Premier commentaire :

« Great Article ! How many deaths does nuclear power cause per year ? » (Combien de morts par an à cause de l’énergie nucléaire?)

Et la réponse que je traduis directement provenant apparemment d’une personne bien informée :

Pratiquement personne, excepté naturellement pour Chernobyl.

L’IAEA a estimé qu’il y aura un accroissement du taux de cancers de 3 % pour les 600000 personnes de la zône affectée (Chernobyl). Les statistiques n’indiquent pas clairement une augmentation des cancers dans cette population, mais tout le monde s’accorde sur une estimation d’environ 4000 morts. Cette estimation est considérée comme fiable par tous les experts en la matière, excepté naturellement les activistes anti-nucléaires qui « revendiquent » au moins un million de morts. A Chernobyl, 31 pompiers sont morts des suites d’exposition aux radiations et 33 autres mortes après avoir bu du lait contaminé avant qu’ils aient été informés par les autorités. C’est à peu près tout ce qu’on peut attibuer comme décès directement liés au nucléaire civil. Je pense qu’en France deux accidents dans un réacteur expérimental ont exposé des personnels à la radioactivité et cela en 40 années d’utilisation du nucléaire civil dans un pays qui produit 75 % de son électricité à partir de cette source d’énergie. Ces personnes ont toutes guéri (de leur exposition à la radioactivité). Le rejet suite à l’accident de Three Miles Island était si faible qu’on a considéré que la conséquence serait de trois morts supplémentaires sur une période de 20 ans pour les 300000 personnes vivant dans la zône ce qui est totalement non significatif. En ce qui concerne Fukushima, l’estimation des morts se comptera sur les doigts d’une main. »

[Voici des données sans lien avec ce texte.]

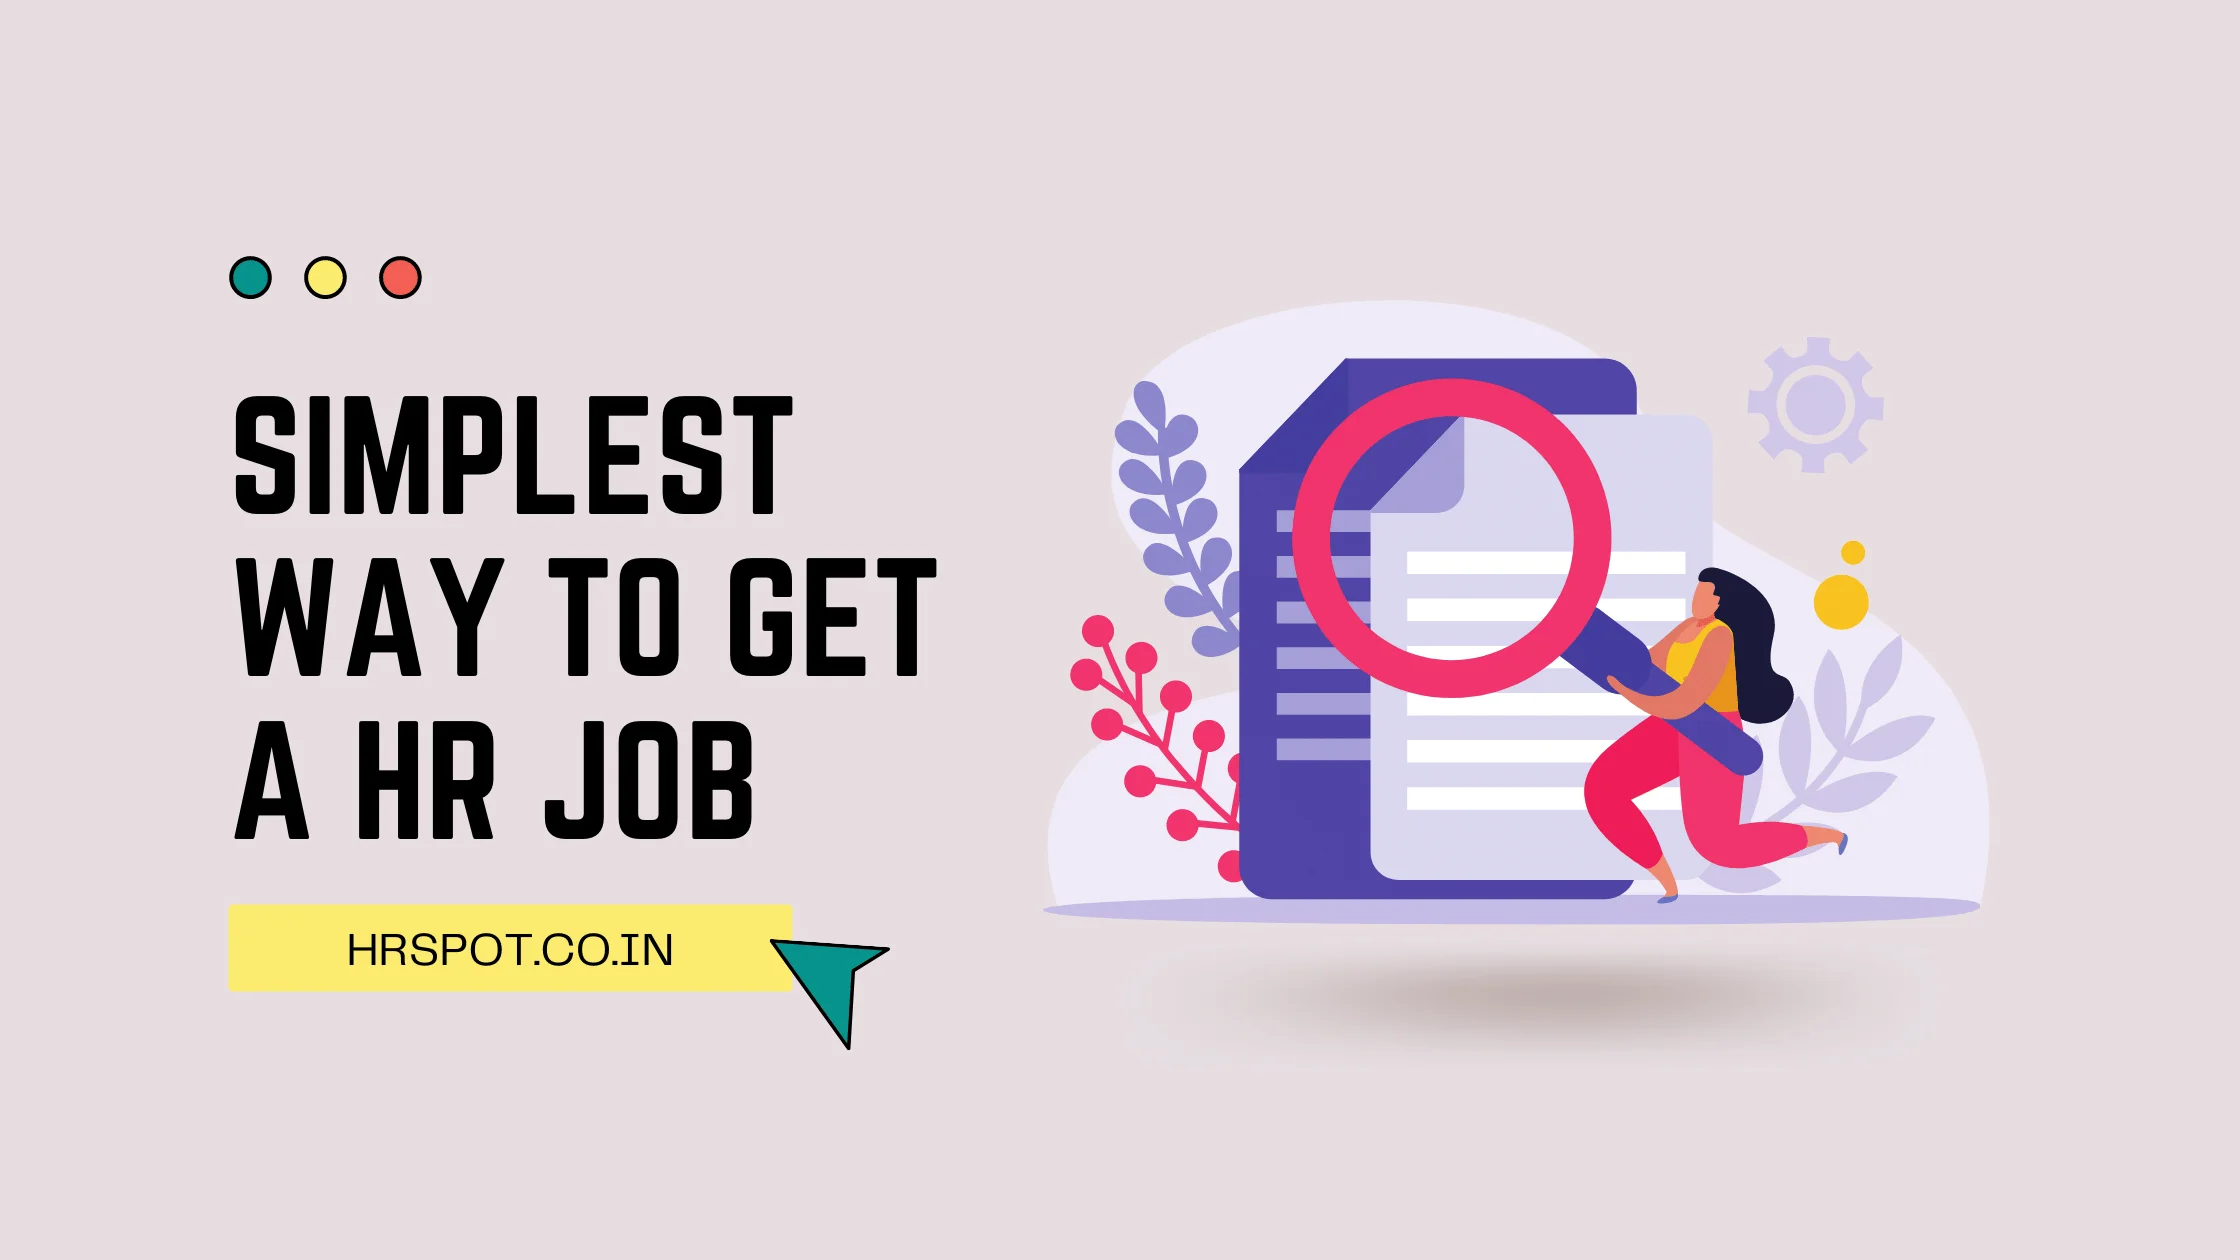 Simplest Way to Get A HR JOB

Encore une fois il n’est pas nécessaire d’épiloguer mais cela n’empêche pas les activistes emmenés par Greenpeace de s’insurger contre l’usage du nucléaire civil, considéré comme dangereux et polluant en commémorant à leur façon le deuxième anniversaire du tremblement de terre du Japon au mépris des morts et disparus à cause du tsunami. Apparemment ces mêmes écolos à la petite semaine semblent ignorer ou feindre d’ignorer ces données relatives à la pollution par le charbon. Pour raffraichir la mémoire de ces guignols je rappelle que le charbon contient naturellement du potassium 40 (nous en avons aussi tous naturellement dans nos os), du radium 228, du thorium 232, du polonium 210 et de l’uranium 238 et cette radioactivité qu’on peut considérer comme naturelle peut atteindre 1000 Becquerels (Bq) par kilo. Pour mémoire (adressée aussi aux écolos-gauchistes et à la Ministre Batho, farouchement anti-nucléaire) le corps humain dans son ensemble présente une radioactivité d’environ 6000 Bq dûe au potassium 40 naturellement présent et au carbone 14 qui se forme dans l’atmosphère avec le rayonnement cosmique.